All request and response fields use snake_case — e.g. due_date, task_status_id.

Successful responses are wrapped in a data envelope:

{ "data": { "id": "task_6a2918cff58b0a1d387866ee" } }

List endpoints add a pagination object:

{
"data": [ /* … */ ],
"pagination": { "next_cursor": "", "has_more": true }
}

Errors use a separate envelope — see Errors.

List endpoints are cursor-paginated. Pass the next_cursor from the previous response to fetch the next page; has_more tells you when to stop. Treat the cursor as opaque.

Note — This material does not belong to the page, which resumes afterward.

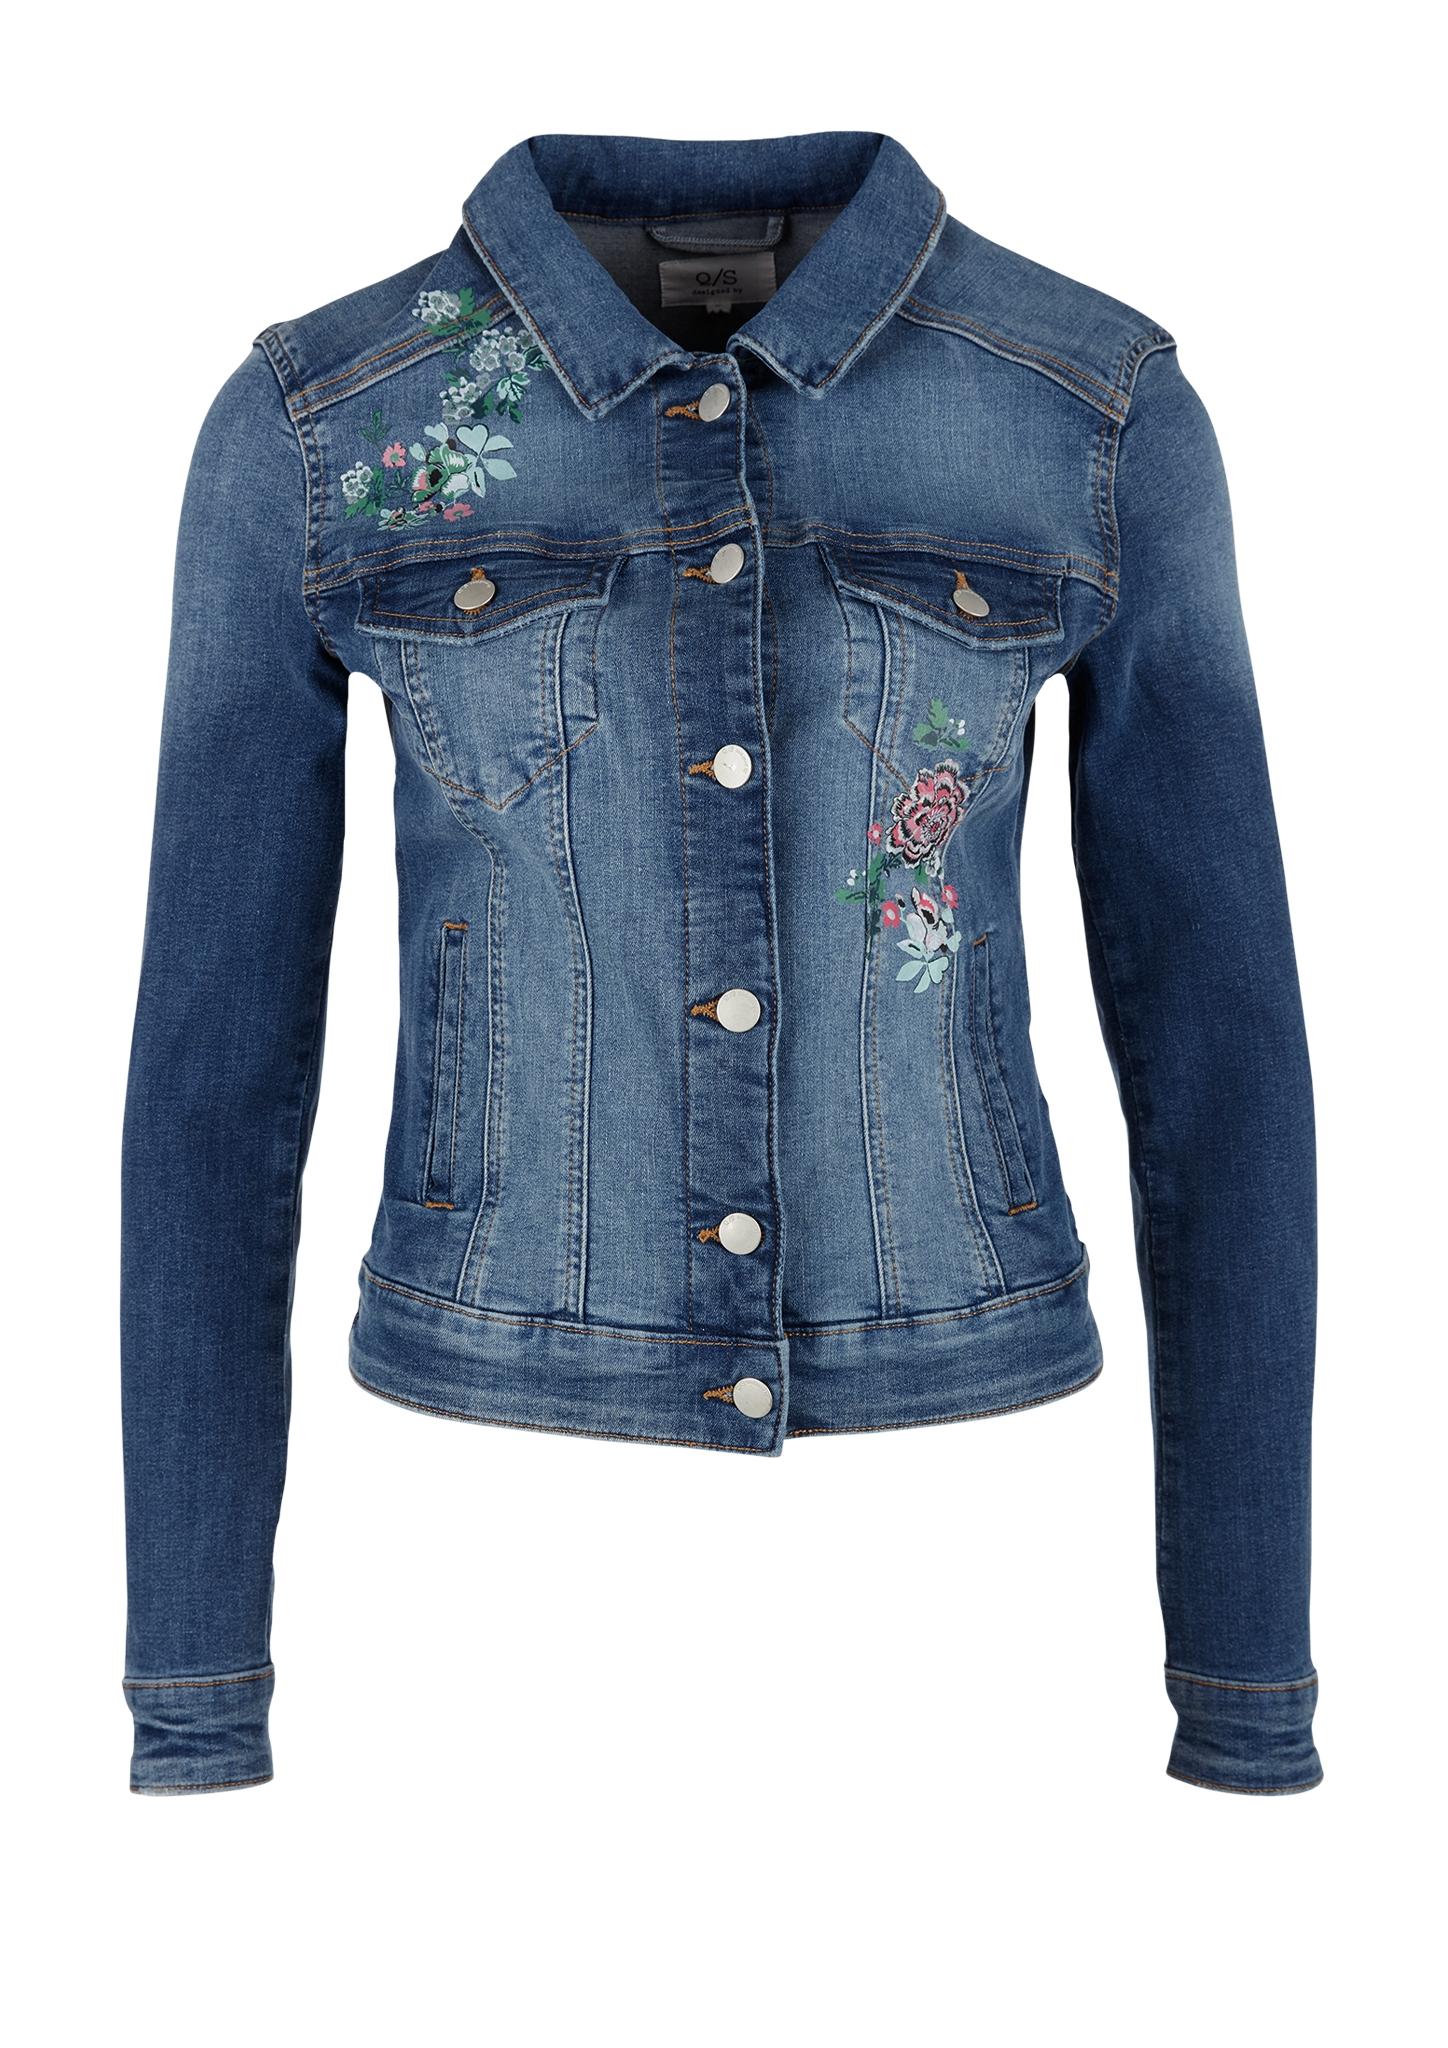 Jeansjacke | Bekleidung > Jacken > Jeansjacken | Blau | 82% baumwolle -  16% polyester -  2% elasthan | Q/S designed by
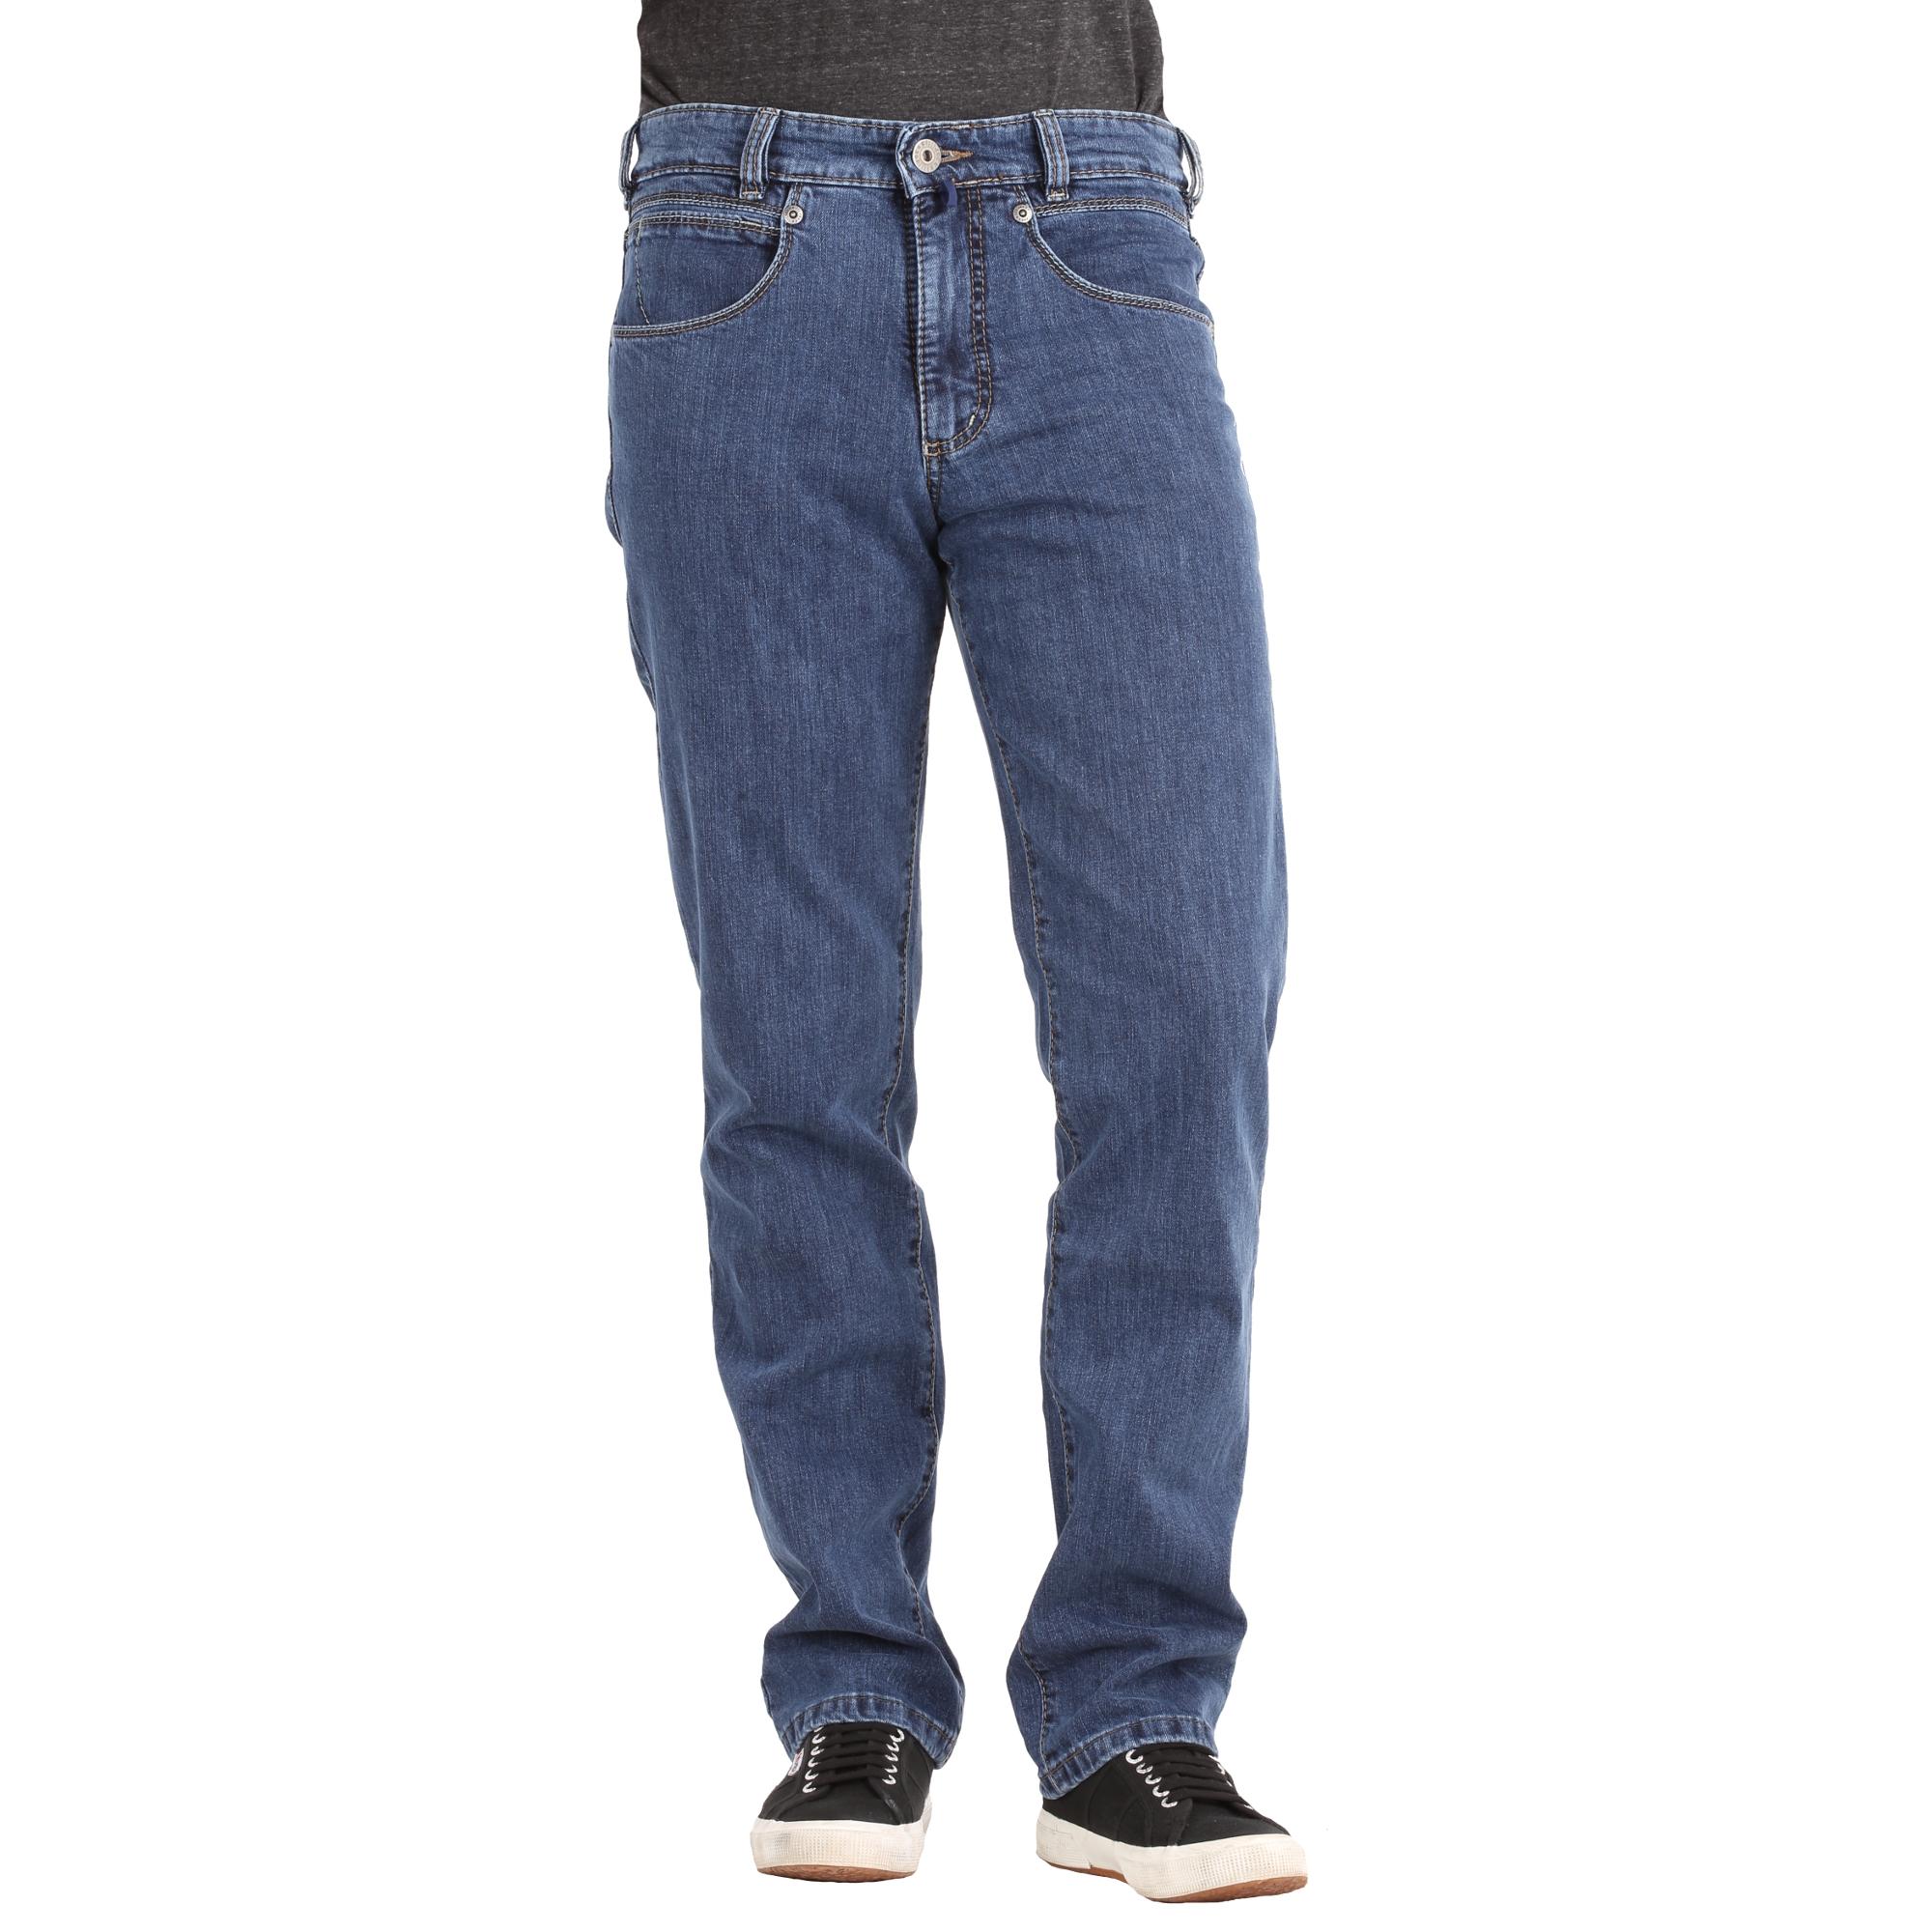 joker herren jeans freddy straight fit cash on delivery. Black Bedroom Furniture Sets. Home Design Ideas

POST requests (creates) accept an Idempotency-Key header. Send a unique key (up to 255 characters — a UUID works well) so a retried request can’t create a duplicate:

Terminal window
curl -X POST https://api.bordio.com/public/v1/tasks \
-H "Authorization: Bearer brd_sk_live_..." \
-H "Idempotency-Key: 6a2918cf-f58b-0a1d-3878-66ee00000001" \
-H "Content-Type: application/json" \
-d '{ "title": "New task" }'

How it behaves:

  • Same key, same body → the original result is replayed; nothing new is created.
  • Same key, different body409 conflict_error (already_exists).
  • Same key while the first request is still in flight409 conflict_error — retry once the first one finishes.
  • Keys are remembered for 24 hours, then expire — reusing a key after that is treated as a brand-new request.
  • A key is scoped to its endpoint (and workspace): the same key on a different endpoint is independent.
  • Only POST is idempotent via this header. PATCH/DELETE are not — a PATCH is naturally safe to repeat, since it sets fields to the values you send.